The patient will spend about 3-10 days in the hospital after pancreatic cancer surgery. While the patient is in the hospital, there will be many people on the healthcare team who will be checking up on the patient on a daily basis.  The in-house hospital team will consist of the patient’s surgeon, nurses, students, and residents.  Most of the time, the patient will be seen by the resident or nurses, who will see the patient several times daily.  The surgeon will see the patient just once per day.

It is normal to have pain after pancreatic cancer surgery.  While the patient is in the hospital, they will be given IV pain medications.  After discharge from the hospital, the patient will go home on oral painkillers.  After they run out, the patient can take over the counter pain relievers. 
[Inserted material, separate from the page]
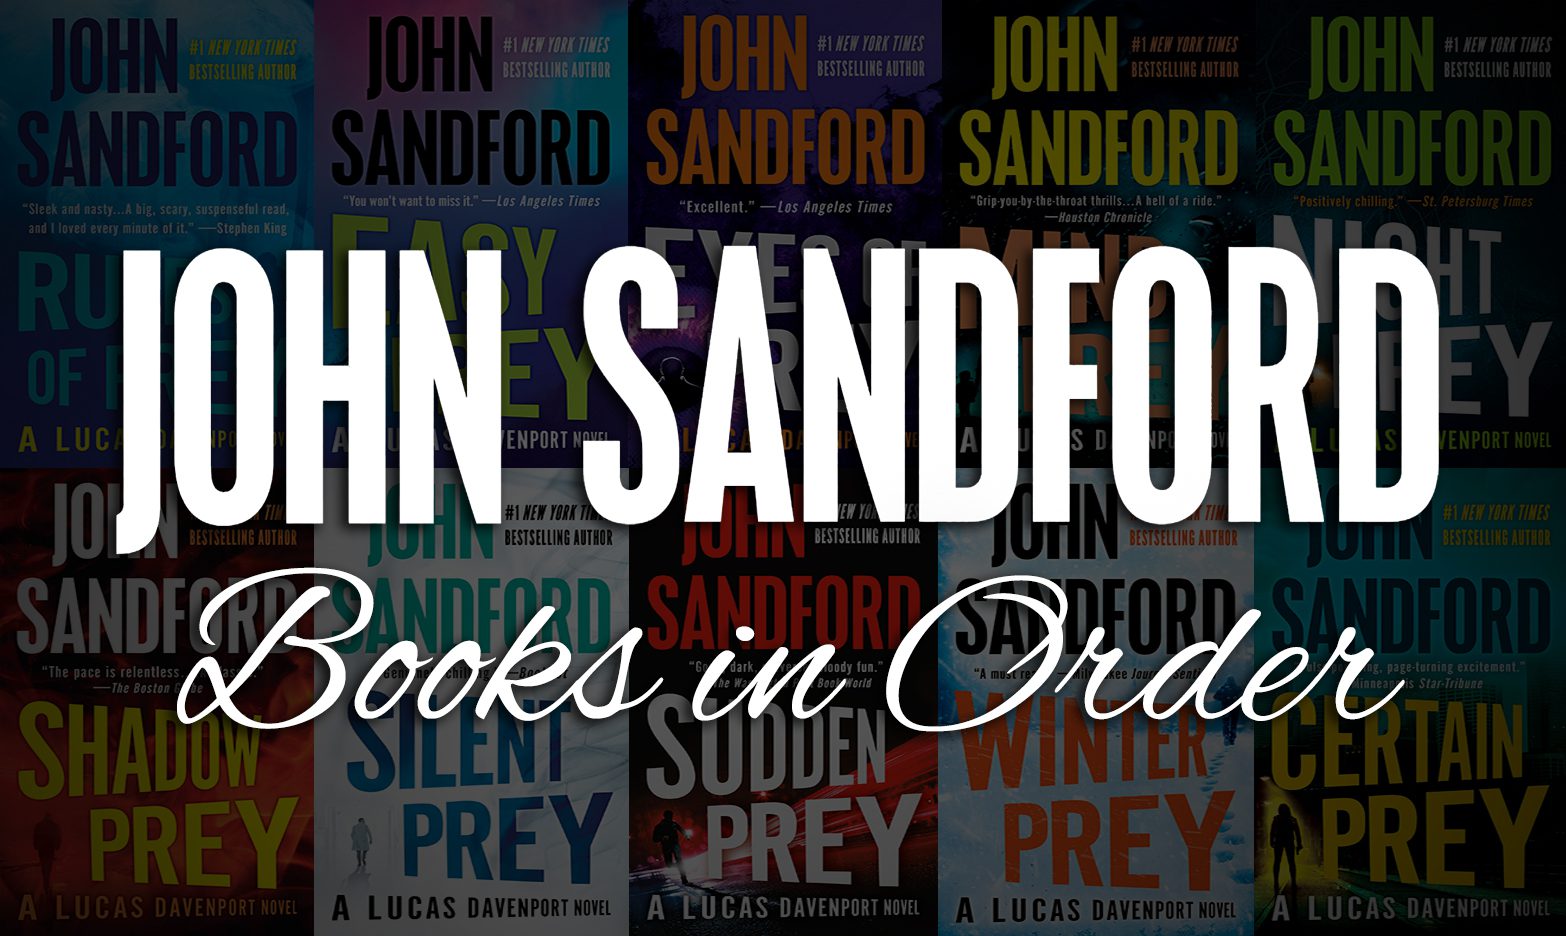 John Sandford Books in Order

After the surgery, the patient will have sutures or staples, and may have special dressings in place, which cover the incisions.  The patient may have surgical drainage tubes in place in order to drain blood and fluid from the abdominal cavity after the surgery.  The cancer team will look at the dressings every day and will make sure they are healing properly. 
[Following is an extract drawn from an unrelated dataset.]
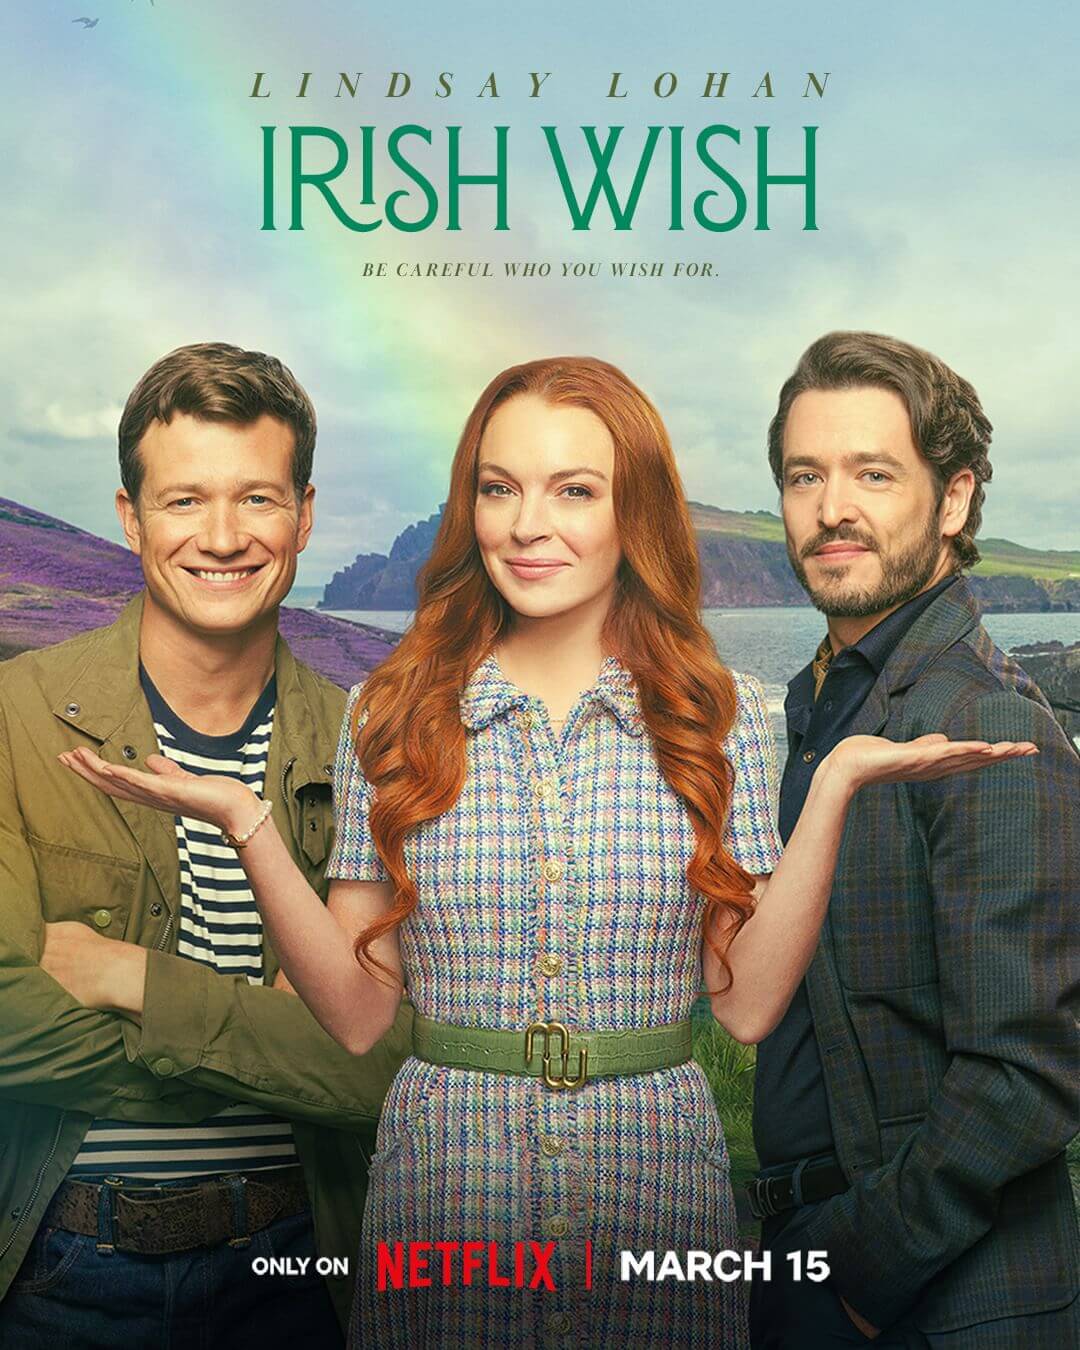 Irish Wish Movie Poster

The patient may develop a temporary paralysis of the stomach, known as “gastric ileus”.  This means the patient may not be able to eat for several days after the procedure.  While the patient is hospitalized, they may not be able to eat for several days after surgery.  The patient will have IV fluids running in until they are able to drink liquids adequately. 

Why It Is Done

Pancreatic cancer treatment is done whenever there is documented evidence through imaging techniques and biopsies that the patient has cancerous cells of the pancreas.  The mainstay of treatment is pancreatic cancer surgery, although many patients will receive chemotherapy and possible radiation therapy. 

Aftеr the Surgеrу

After the surgery, the patient will be able to leave the hospital after several days.  It may take up to a week before they are able to tolerate ambulation without pain.  Full recovery from pancreatic cancer surgery can take longer than 2 months.  During these months, the patient will have to have follow up appointments with their oncologist to make sure they are healing properly.

At the first postoperative visit, the patient will meet with the oncologist or their assistant in order to make sure they are healing properly.  The pathology report will be shared with the patient and the patient will learn about how the surgery went.  If the patient needs more prescription medications for pain, they will be prescribed at this time.